Below are records with pictures. Transcribe exactly, and only, the lines from the line with "Kenmore 11653205111C, 11623205111C" to the line with "Digital Signage am", both ends included, but not the pictures.
+++ Source data +++
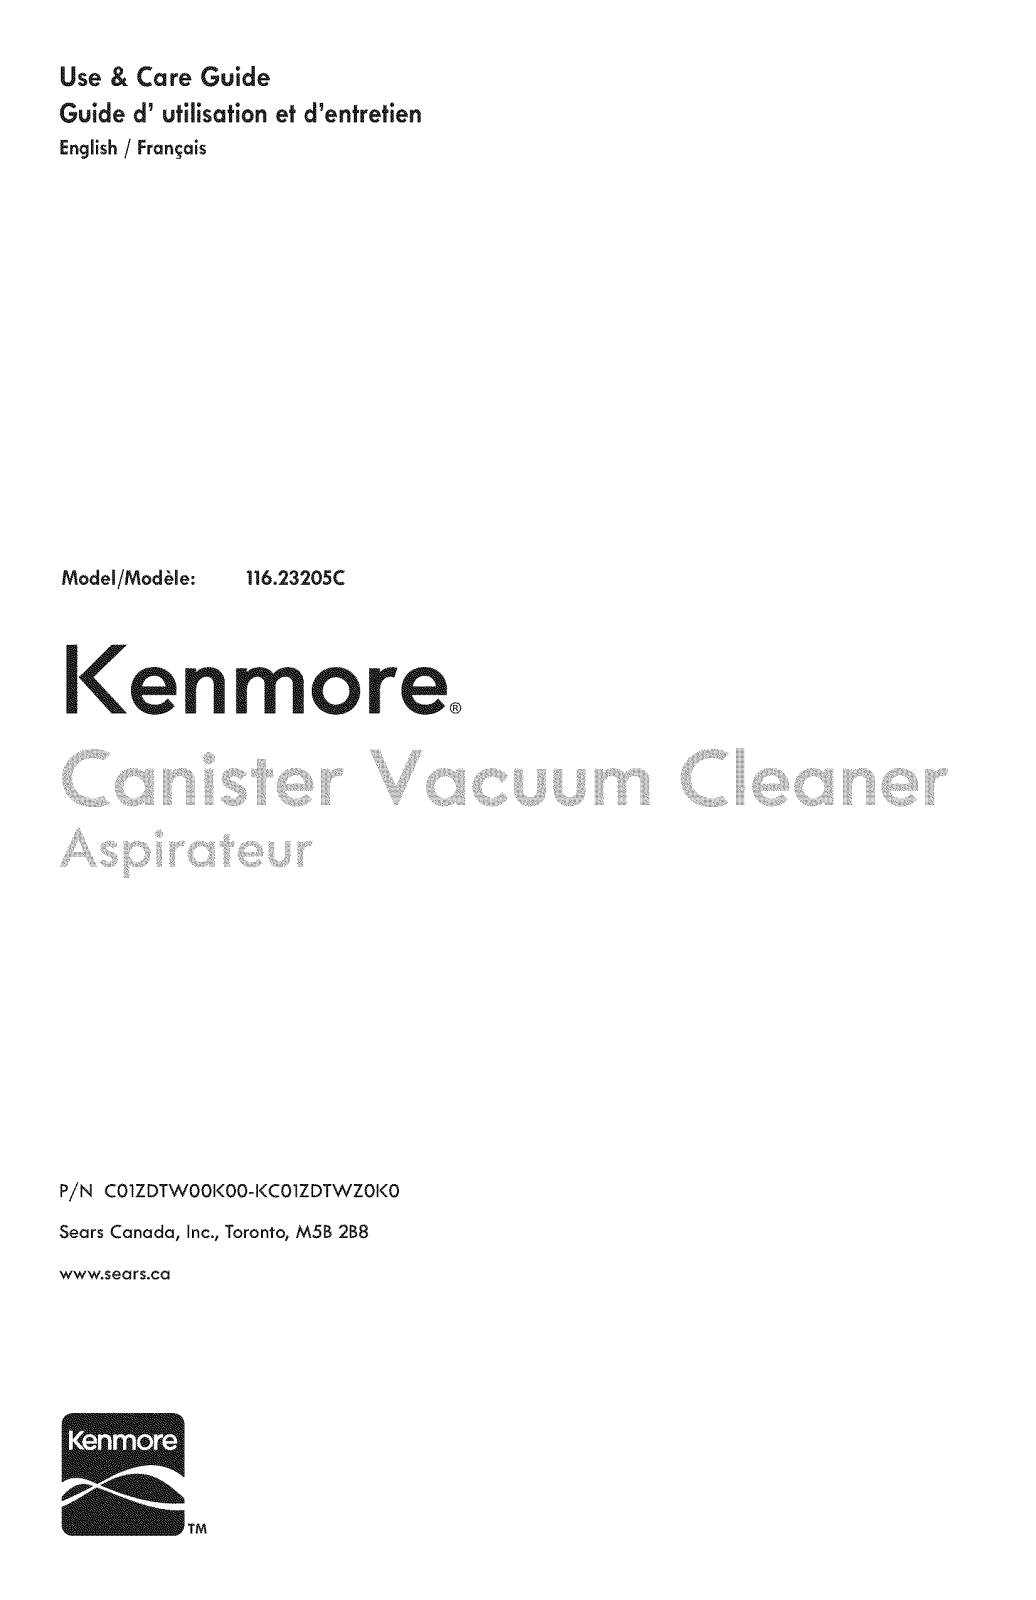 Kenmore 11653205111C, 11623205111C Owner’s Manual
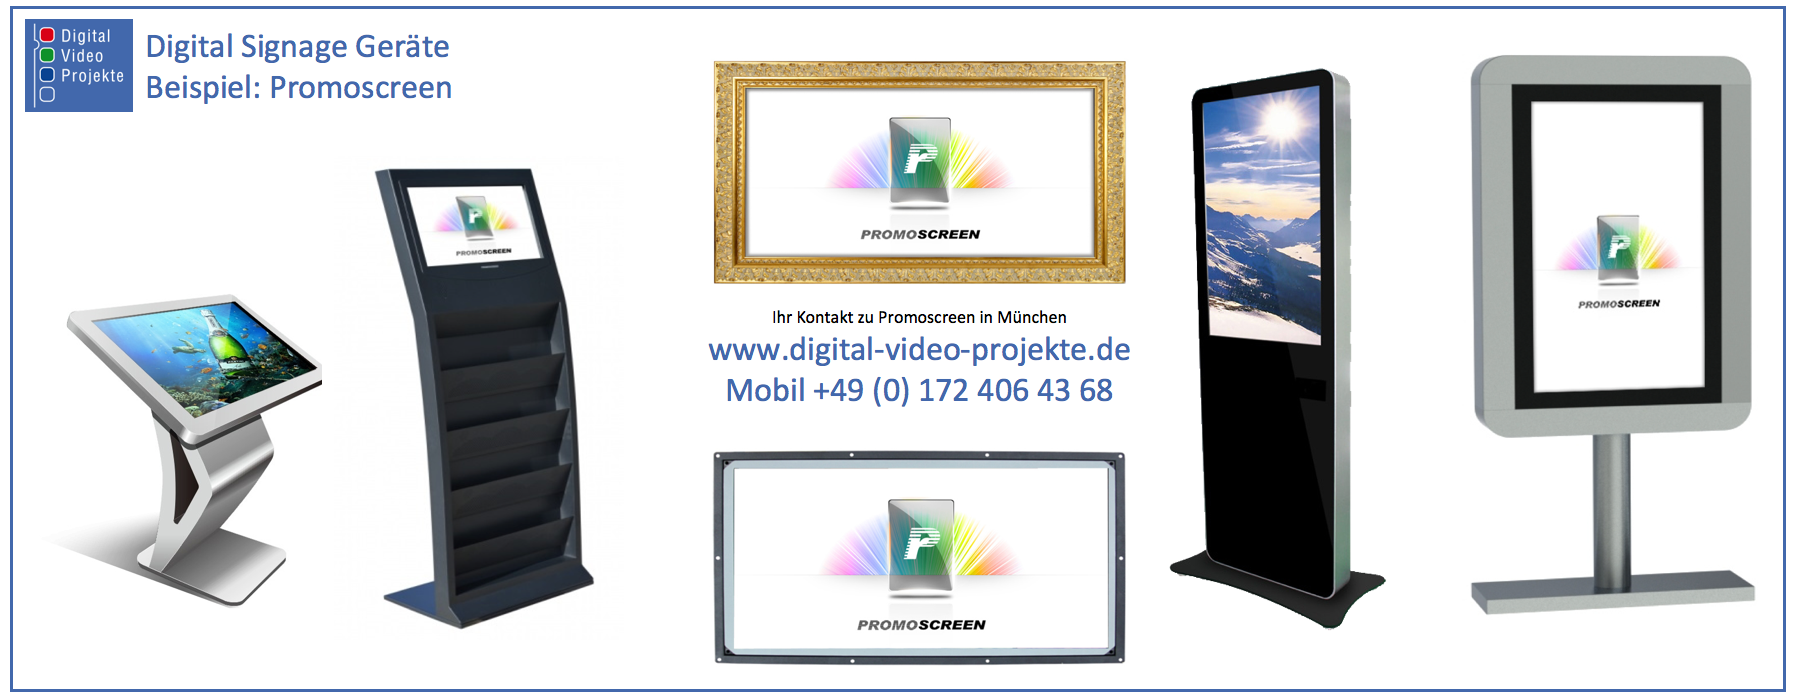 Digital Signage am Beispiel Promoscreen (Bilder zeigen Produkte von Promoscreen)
+++
+++ Source data +++
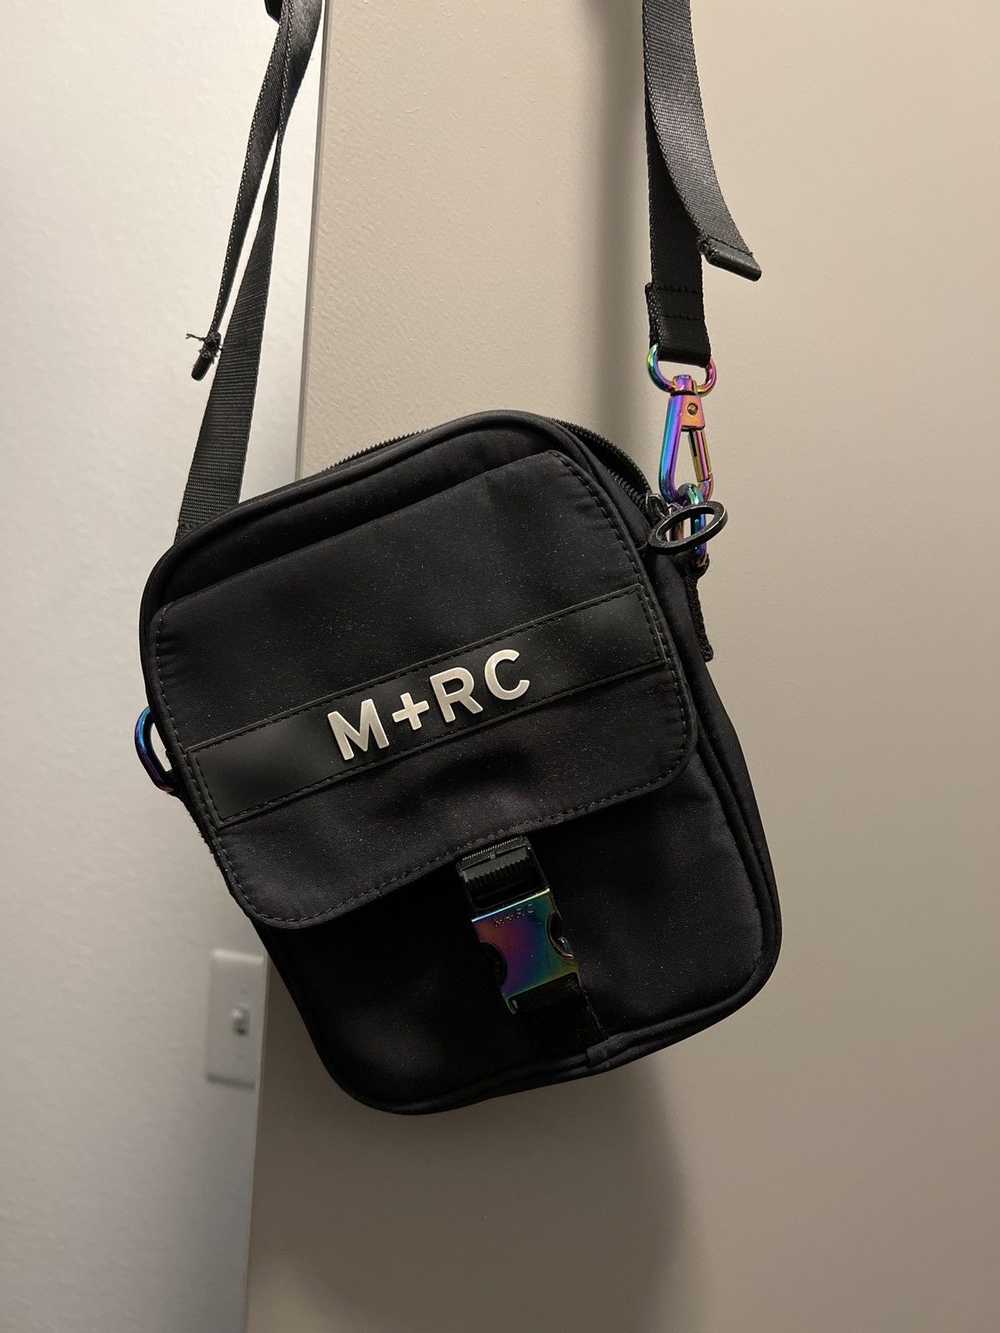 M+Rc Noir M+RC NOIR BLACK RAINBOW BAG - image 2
+++
■ Output below:
 Kenmore 11653205111C, 11623205111C Owner’s Manual
 Digital Signage am Beispiel Promoscreen (Bilder zeigen Produkte von Promoscreen)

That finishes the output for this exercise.